Nos voisins outre-rhin peuvent céder sur cet enjeu central car des arguments de raison sont de notre côté : le spectre de la « germanophobie » les inquiète, à juste titre. Le ferment de la croissance en Allemagne, ce sont ses exportations, réalisées à 60% en Europe. C’est pourquoi la récession à leurs frontières frappe d’ores et déjà chez eux. Leurs travailleurs pauvres connaissent pour la première fois une baisse de leur espérance de vie ; n’est-ce pas un signal d’alarme suffisant ?

D’aucuns regretteront l’absence de déclaration commune du PS et du SPD le 17 mars dernier, alors qu’ils étaient réunis au Cirque d’Hiver à Paris, ils y verront le fruit d’une frilosité ou d’un désaccord profond, la marque d’une ligne allemande immuable sur la BCE. D’autres, plus optimistes, considéreront que François Hollande veut laisser tous les possibles ouverts… En effet, de nombreuses inconnues persistent : quel gouvernement après les élections législatives en France ? Quel score du Front de gauche – qui prône rien de moins qu’une production de billets par la Banque de France, et menace donc ouvertement de sortir de l’euro ? Des questions similaires se posent en Allemagne, ainsi qu’en Italie : quelle coalition au pouvoir en 2013 ?

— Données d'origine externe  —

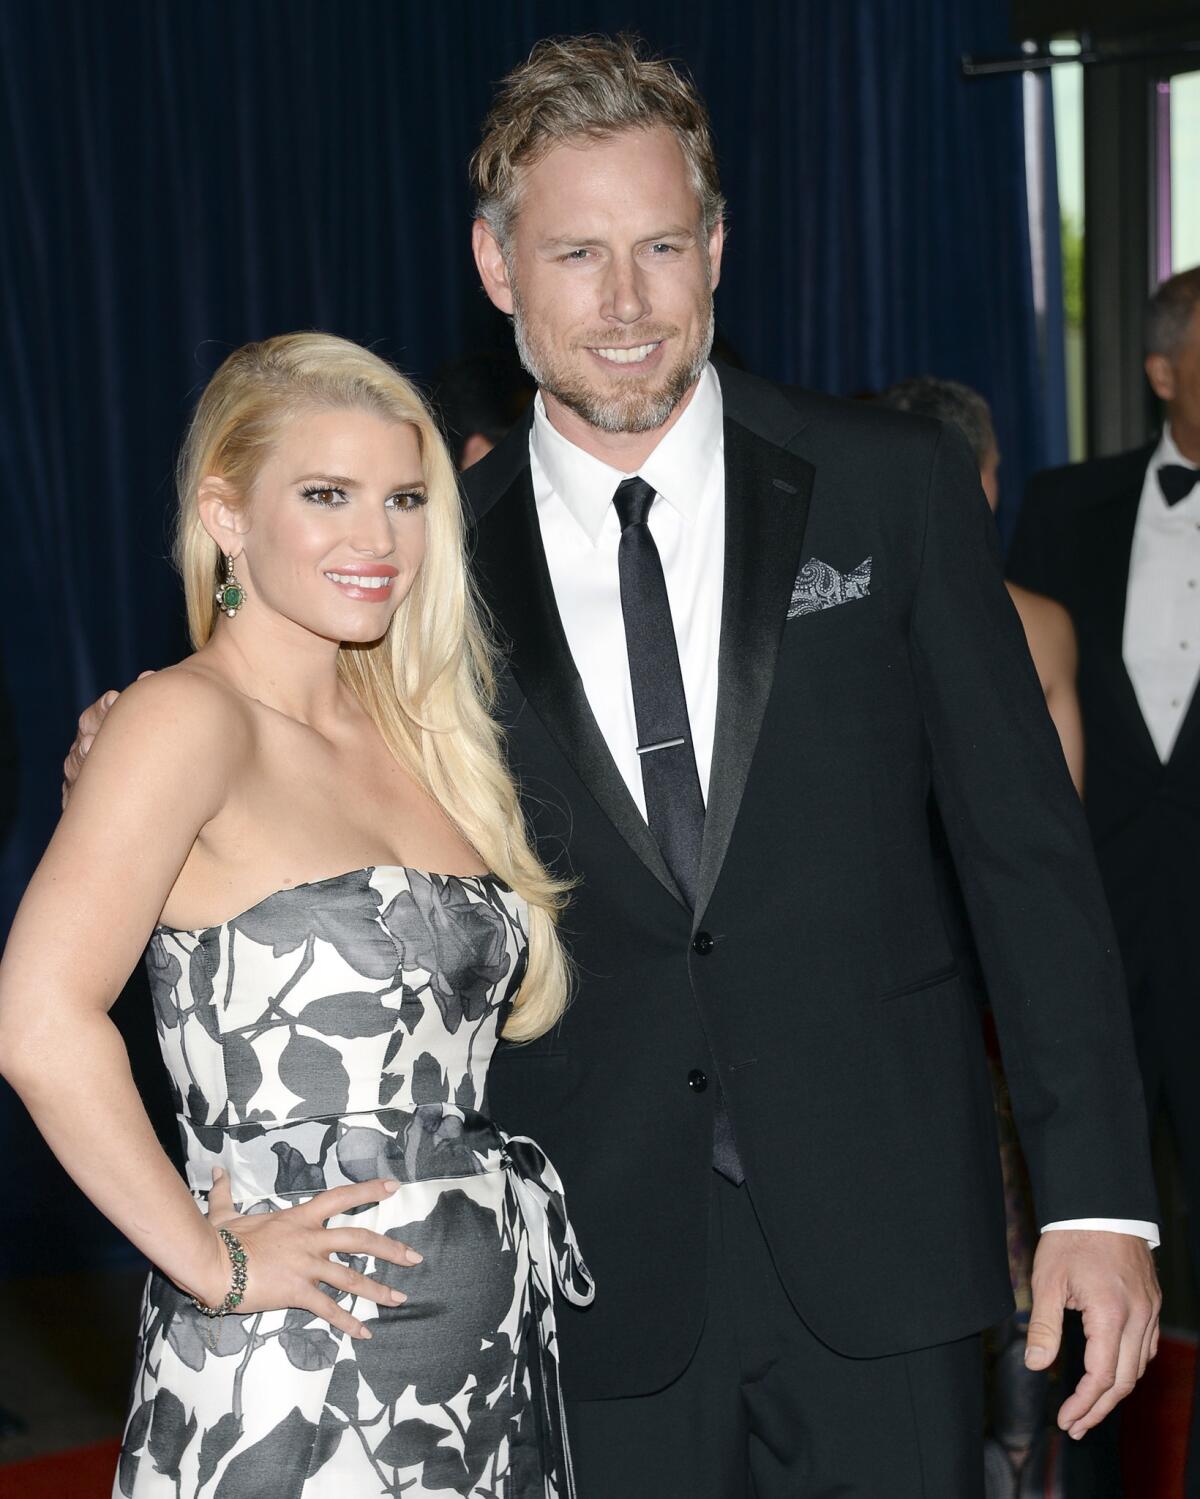 Pregnant Jessica Simpson to marry Eric Johnson after birth of

Dans l’hypothèse d’une victoire socialiste en France le 6 mai prochain, François Hollande disposera d’environ un an pour construire une alternative crédible à l’austérité généralisée, pour poser les bases d’une « renaissance européenne ». Au-delà de l’enjeu de l’émission monétaire, il faudra avancer sur la convergence des protections sociales vers le haut, la convergence fiscale, le juste échange, la transition énergétique…

Le camp d’en face a, pour sa part, déjà posé des jalons. Douze dirigeants conservateurs et libéraux dont ceux du Royaume-Uni, d’Italie et d’Espagne ont adressé un courrier à José Manuel Barroso, Président de la Commission européenne, appelant à une plus grande libéralisation de l’économie : ouverture des marchés des services et de l’énergie, nouveaux accords de libre échange, réformes des marchés du travail. L’Histoire s’apprête à basculer dans un sens ou dans l’autre. L’austérité et la souffrance sociale jusqu’au chaos, ou le sursaut des démocrates, prêts à reprendre le pouvoir sur les marchés.

Pour aller plus loin et affiner des propositions aussi ambitieuses que crédibles, un groupe de travail pour l’établissement d’une « coopération renforcée » pourrait facilement être mis en place. Des personnalités qualifiées (on pense notamment à J. Delors, H. Schmidt ou M. D’Aléma), des mandataires des leaders sociaux démocrates, des chercheurs contribueraient à penser cette alternative. On donnerait la parole à la Confédération européenne des syndicats, aux « Economistes atterrés » ou au lobby « Finance Watch », on pourrait imaginer une tournée dans l’Europe qui brûle, des rencontres avec les acteurs clés, des analyses alternatives à celles de la Troïka (UE, BCE, FMI)…

La gauche ne doit pas s’interdire de rêver ; elle a même le devoir de proposer un nouveau chemin

 

Par Cadmos II*

* pseudonyme d'un ancien assistant parlemantaire auprès de députés européens socialistes.